Bug #85110 Ndb kernel is stuck in: Polling for Receive
Submitted: 21 Feb 2017 18:03 Modified: 24 Mar 2017 11:44
Reporter: Anirban Chakraborty Email Updates:
Status: No Feedback Impact on me:
None 
Category:MySQL Cluster: Cluster/J Severity:S1 (Critical)
Version:5.1.22 OS:SUSE (SUSE Linux Enterprise Server 11 (x86_64))
Assigned to: MySQL Verification Team CPU Architecture:Any
Tags: MySQL, ndb, NDB Kernal, polling, Receive, Stuck

[21 Feb 2017 18:03] Anirban Chakraborty
Description:
We had 4 node MySQL NDB cluster had up and running, but very often in one of the nodes, we are seeing the error as shown Ndb kernel is stuck in: Polling for Receive, then it triggers to fail the other nodes as well and NDB fails completely.  

Is there any way, we can prevent this happening? This is going to be in Production DB. Can anyone suggest what could be the best suggestion without upgrading the version of MySQL and NDB. 

2017-02-17 22:47:02 [ndbd] WARNING  -- Ndb kernel is stuck in: Polling for Receive
2017-02-17 22:47:02 [ndbd] INFO     -- Watchdog: User time: 77662  System time: 18051
2017-02-17 23:00:48 [ndbd] INFO     -- Watchdog: User time: 78660  System time: 18391
2017-02-17 23:00:48 [ndbd] WARNING  -- Watchdog: Warning overslept 281 ms, expected 100 ms.
2017-02-17 23:05:51 [ndbd] INFO     -- Watchdog: User time: 78774  System time: 18437
2017-02-17 23:05:51 [ndbd] WARNING  -- Watchdog: Warning overslept 553 ms, expected 100 ms.
2017-02-17 23:05:52 [ndbd] INFO     -- Watchdog: User time: 78774  System time: 18437
2017-02-17 23:05:52 [ndbd] WARNING  -- Watchdog: Warning overslept 774 ms, expected 100 ms.
2017-02-17 23:05:52 [ndbd] WARNING  -- Ndb kernel is stuck in: Polling for Receive
2017-02-17 23:05:52 [ndbd] INFO     -- Watchdog: User time: 78774  System time: 18437
2017-02-17 23:05:52 [ndbd] INFO     -- Arbitrator decided to shutdown this node
2017-02-17 23:05:52 [ndbd] INFO     -- QMGR (Line: 4897) 0x0000000a
2017-02-17 23:05:52 [ndbd] INFO     -- Error handler shutting down system
2017-02-17 23:05:52 [ndbd] INFO     -- Error handler shutdown completed - exiting
2017-02-17 23:05:52 [ndbd] ALERT    -- Node 4: Forced node shutdown completed.
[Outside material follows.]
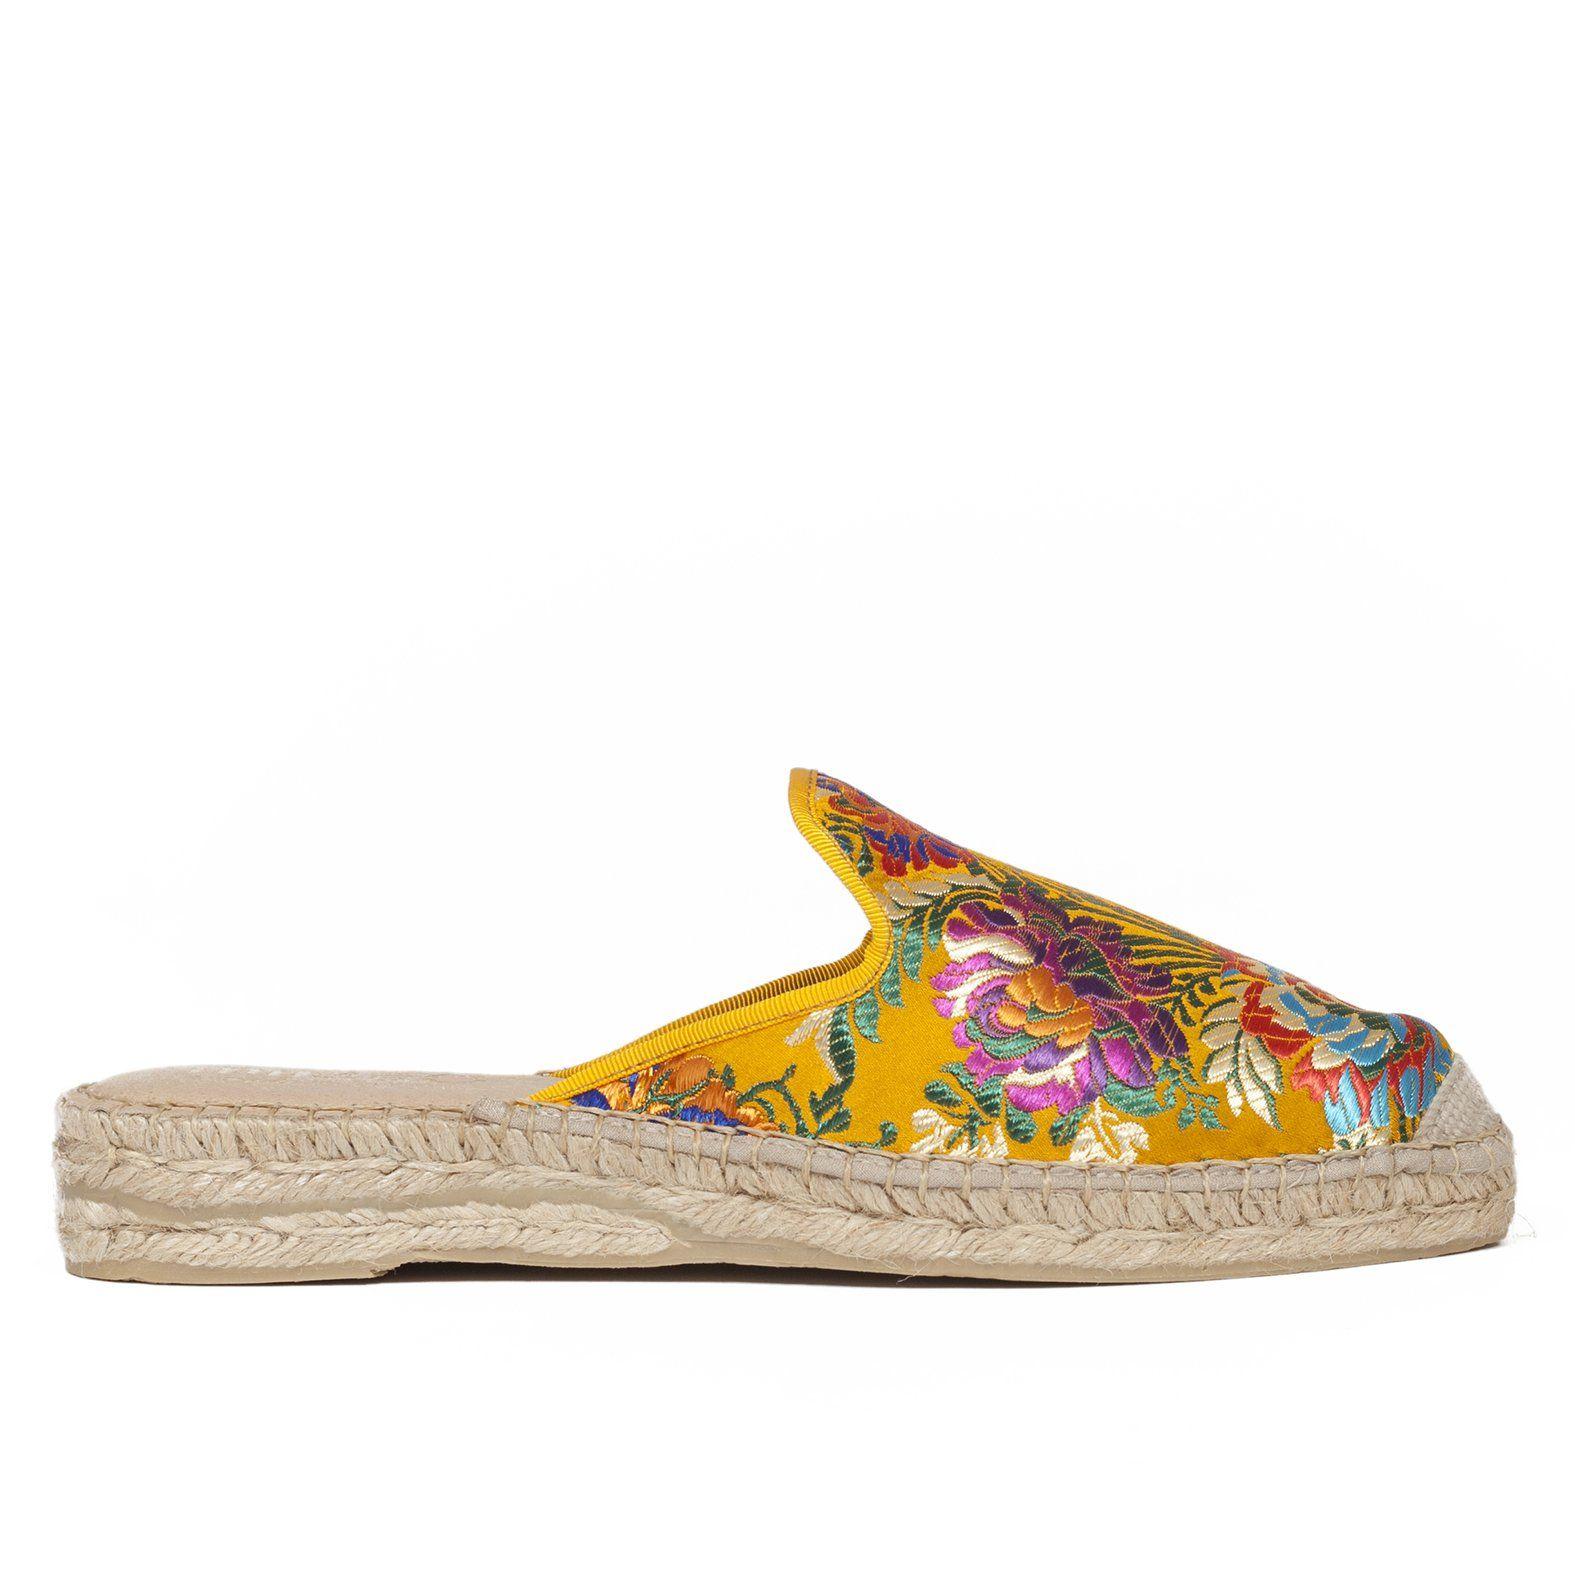 218f90dfc17 Alpargata Plataforma AMARILLO – Hecho en España miMaO Zapatos Online –  miMaO ShopOnline

Caused by error 2305: 'Node lost connection to other nodes and can not form a unpartitioned cluster, please investigate if there are error(s) on other node(s)(Arbitration error). Temporary error, restart node'.

How to repeat:
The above error triggers everytime we restart the NDB services and had it from the beginning up and running. The error triggers within couple of hours in the same data node. 

Suggested fix:
Complete restart services of NDB cluster and MySQL DB.
[24 Feb 2017 11:44] MySQL Verification Team
Hi,

This does not look like a bug but improperly configured mysql cluster.
Without full logs (prepare them by using ndb_error_reporter) I can't say for sure but what I see from the snippet you sent, that data node is overloaded.

best regards
Bogdan
[25 Mar 2017 1:00] Bugs System
No feedback was provided for this bug for over a month, so it is
being suspended automatically. If you are able to provide the
information that was originally requested, please do so and change
the status of the bug back to "Open".